仅通过CPU利用率做HPA太单一，因此需要定制化HPA，比如通过配置https的访问量来实现HPA，这样才更贴近应用。

问题2：HPA的scaleup和scaledown时间各是多少？

针对CPU利用率的HPA而言，当检测到利用率超过阈值时，进行pod增加。从业务角度，增加是越敏感越好。

那么，当CPU利用率低于HPA设定的阈值时，是否立刻scale down？

从业务的角度，肯定是不希望立刻减少。也就是需要一个类似“缓冲时间，让子弹飞一会。

OCP和K8S HPA scale down的缓冲时间是5分钟。

--horizontal-pod-autoscaler-cpu-initialization-period = 5 minutes

--horizontal-pod-autoscaler-downscale-stabilization = 5 minutes

--horizontal-pod-autoscaler-initial-readiness-delay = 30 seconds

--horizontal-pod-autoscaler-sync-period = 15 seconds

--horizontal-pod-autoscaler-tolerance = 0.1

上面的HPA的flag参数，可以修改，但是需要API v2beta1，只有只有1.18 以上版本的k8s才有这个功能。而且这个API目前处于beta1，因此在OCP上，不建议进行修改，修改了不生效我不保证800支持。而且5分钟时间上也够了。我们知道有这档子事就可以，后面这个API正式GA后再用不迟。

修改的方式我列出来：

问题3：OCP上如何定制化HPA

OCP上默认有Prometheus，但如果定制化参数，我建议新部署一个Prometheus。让OCP自带的Prometheus做它默认干的事情。本质上，custom hpa并不是说必须使用新的prometheus，使用ocp自带的监控系统也是可以的。只不过，处于业务监控和基础设施监控分离的原则，可以新建promethues专门负责采集业务应用层面的指标，比如实验中和http request。

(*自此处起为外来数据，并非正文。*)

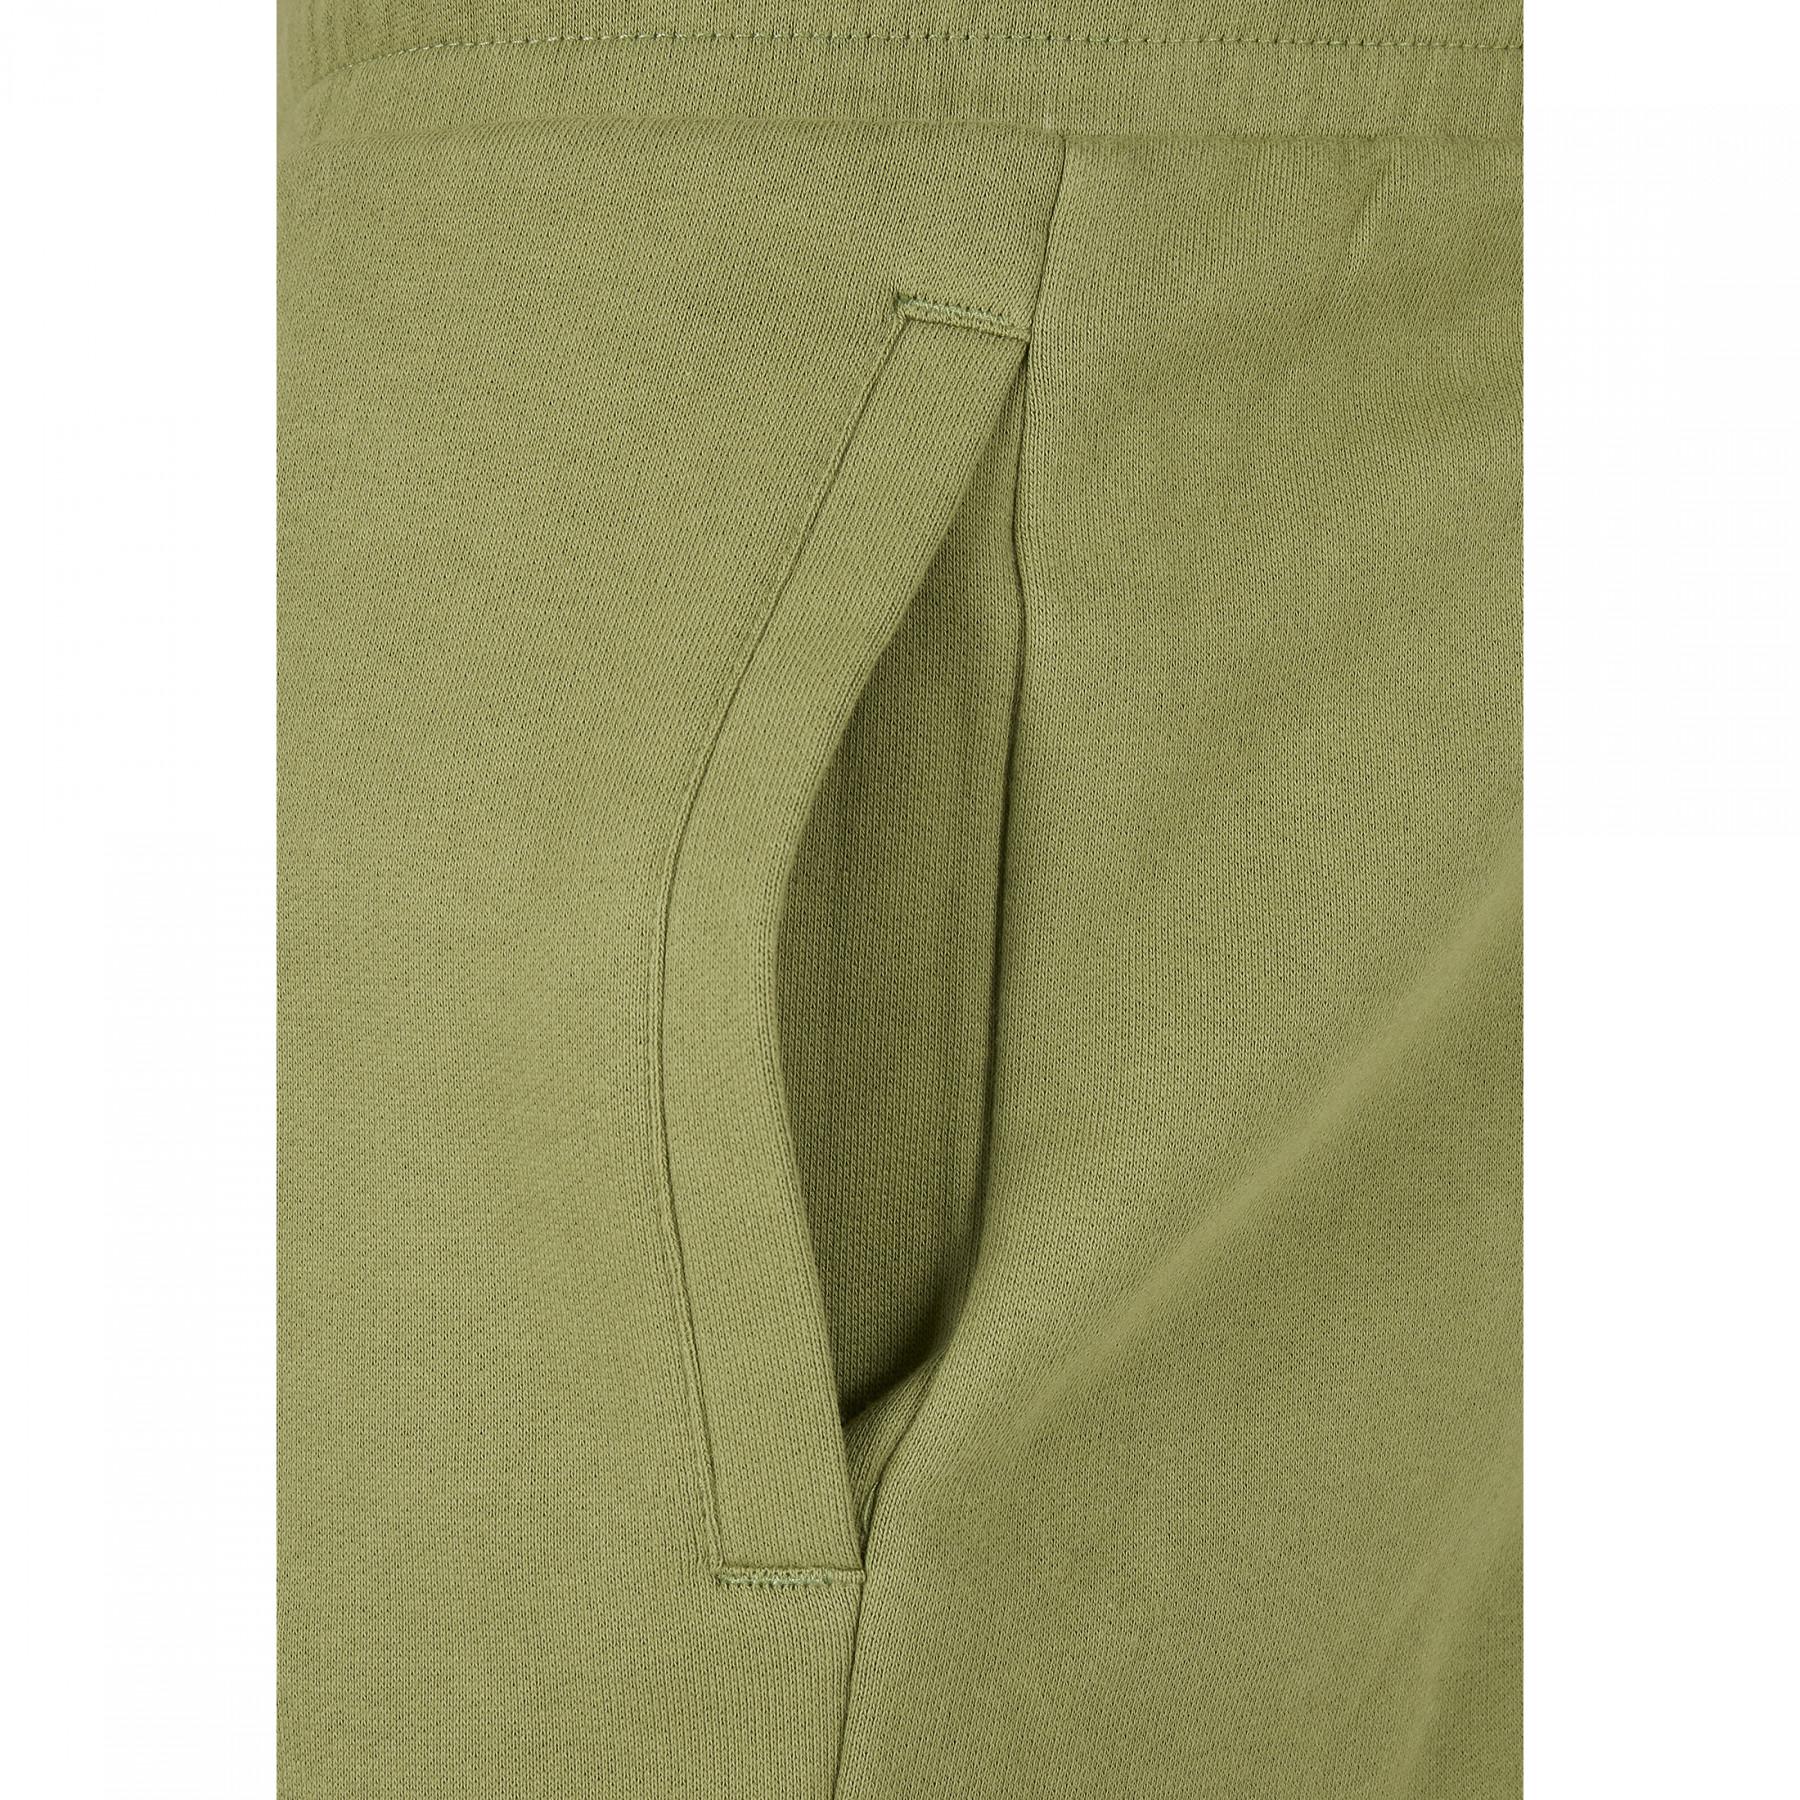 Pantalones Urban Classics organic entrejambe basse
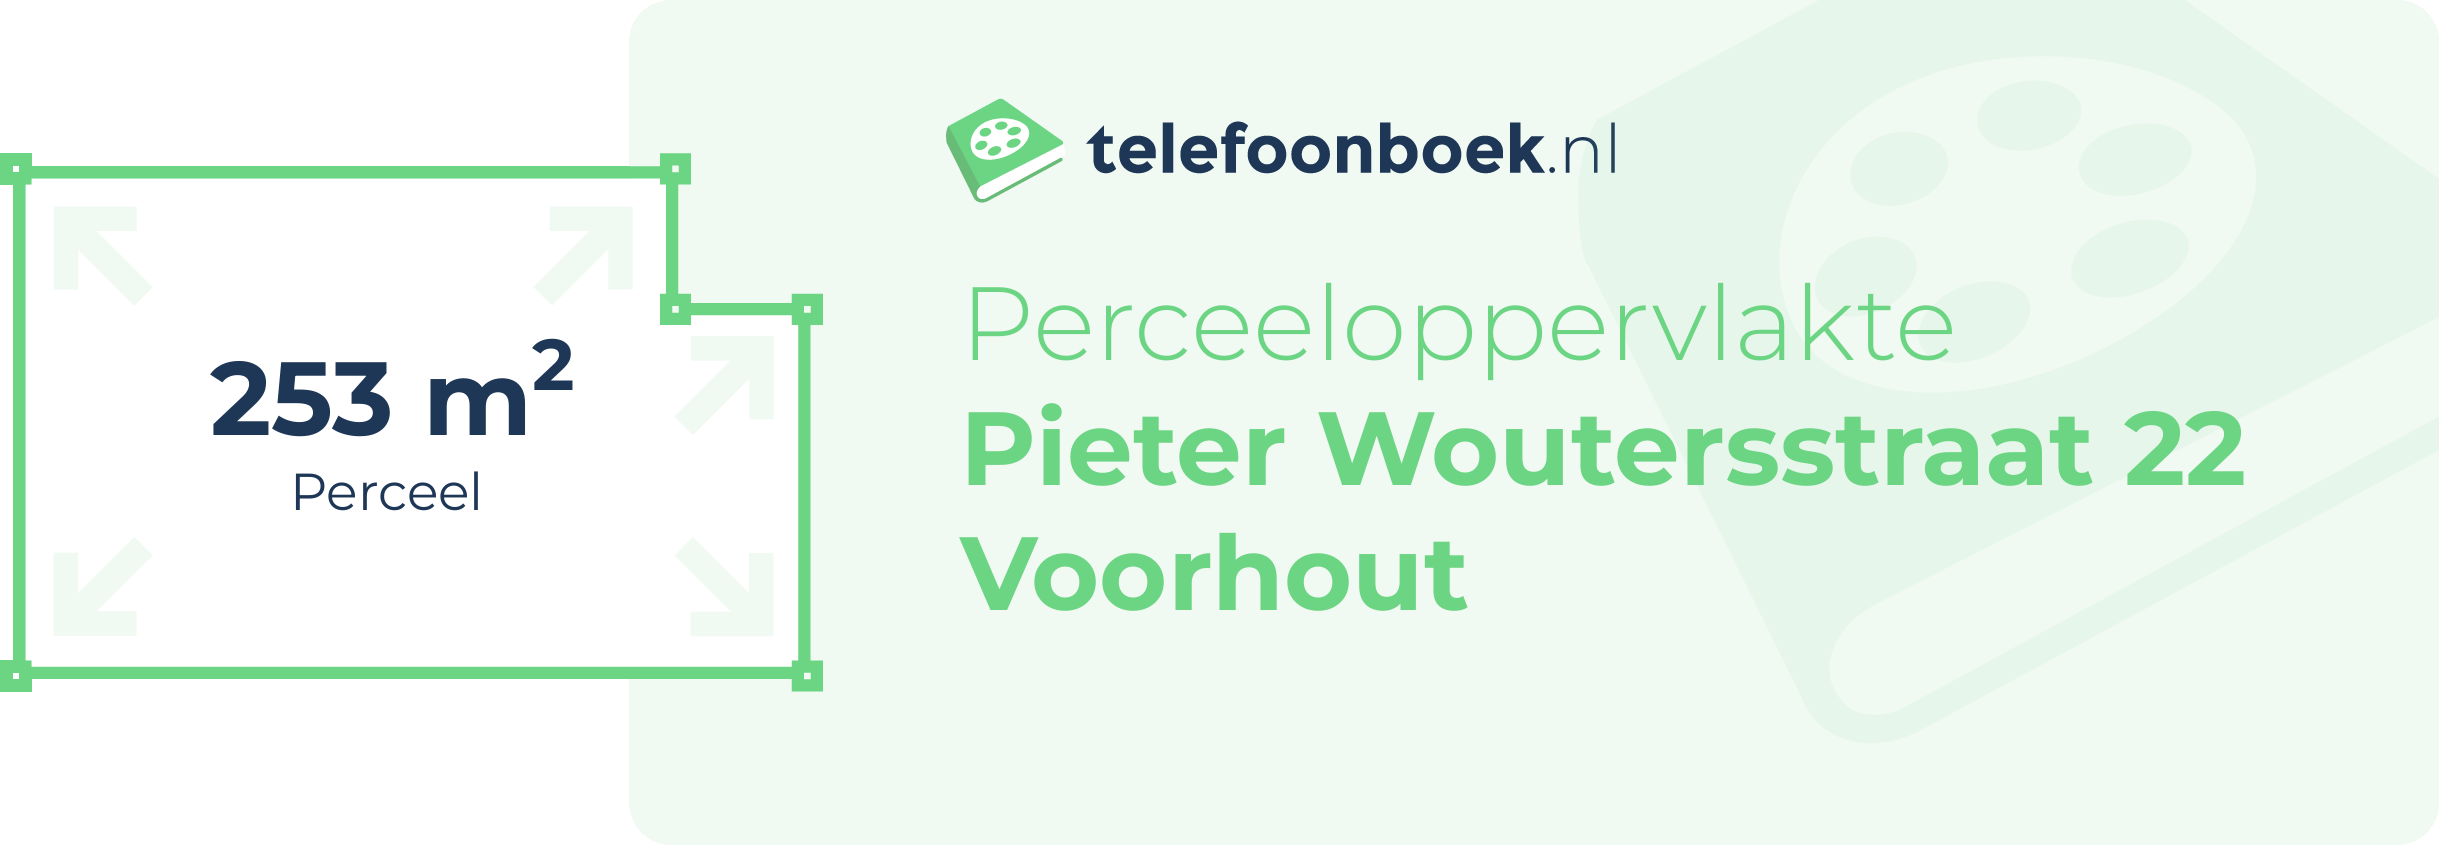 Perceeloppervlakte Pieter Woutersstraat 22 Voorhout

prometheus本质是去抓应用的指标，也就是说，如果从prometheus的一个指标中获取应用的指标，那么这个应用就必须公开这个指标（写应用的时候公开，或者用sidecar）。

我们想在OCP中通过客户化指标，如http_requests实现HPA，那就需要：

1. 应用开放了这个指标，否则Promthues 没法抓。

2. 需要部署一个Promthues adapter，这个adapter有http_requests的指标。部署完adapter后，它会挺API。Promthues抓到应用http_requests的数据后，会让在adpter中，然后HPA和这个adapter的API对接，才能通过http_requests进行HPA。http_requests是让HPA能够用http_requests指标的桥梁。

下面步骤的逻辑是：

一个新的HPA=====>一个新指标=======>一个新的Promthues adapter============>1个新的Promthues实例=====>1个新的service monitor实例===>一个新的namespace===>一个新的被监控的应用

配置步骤如下：

部署Prometheus Operator，通过UI部署Prometheus Operator

[[email protected] ~]$ oc new-project my-prometheus

在OCP的OperatorHub中安装Prometheus Operator到my-prometheus项目中 click Operators > Installed Operators > Prometheus Operator

创建Service Monitor实例

（Watch pods based on a matchLabel selector

Be watched by a Prometheus instance based on the Service Monitor's labels）

apiVersion: monitoring.coreos.com/v1

kind: ServiceMonitor

metadata:

labels:

lab: custom-hpa

spec:

namespaceSelector:

matchNames:

- my-prometheus

- my-hpa

selector:

matchLabels:

app: pod-autoscale

endpoints:

- port: 8080-tcp

interval: 30s

创建Prometheus实例

kind: Prometheus

prometheus: my-prometheus

namespace: my-prometheus

replicas: 2

serviceAccountName: prometheus-k8s

securityContext: {}

serviceMonitorSelector:

lab: custom-hpa

创建并查看prometheus的路由：

[[email protected] ~]$ oc expose svc prometheus-operated -n my-prometheus

route.route.openshift.io/prometheus-operated exposed

[[email protected] ~]$ oc get route prometheus-operated -o jsonpath='{.spec.host}{"\n"}' -n my-prometheus

prometheus-operated-my-prometheus.apps.weixinyucluster.bluecat.ltd

现在已经部署了ServiceMonitor和Prometheus实例，我们应该能够在Prometheus UI中查询http_requests_total指标，但是没有数据。缺少两个关键要素：

Prometheus没有适当的RBAC权限来查询其他名称空间。

没有设置可以转换Kubernetes HPA的Prometheus指标的适配器

首先，可以通过为my-prometheus命名空间中的Prometheus使用的ServiceAccount赋予对my-hpa命名空间的适当访问权限来解决RBAC权限。

$ echo "---

kind: RoleBinding

apiVersion: rbac.authorization.k8s.io/v1

namespace: my-hpa

subjects:

- kind: ServiceAccount

namespace: my-prometheus

roleRef:

apiGroup: rbac.authorization.k8s.io

kind: ClusterRole

返回Prometheus用户界面，再次对http_requests_total执行查询，您应该会看到结果。如果没有立即看到结果，请耐心等待。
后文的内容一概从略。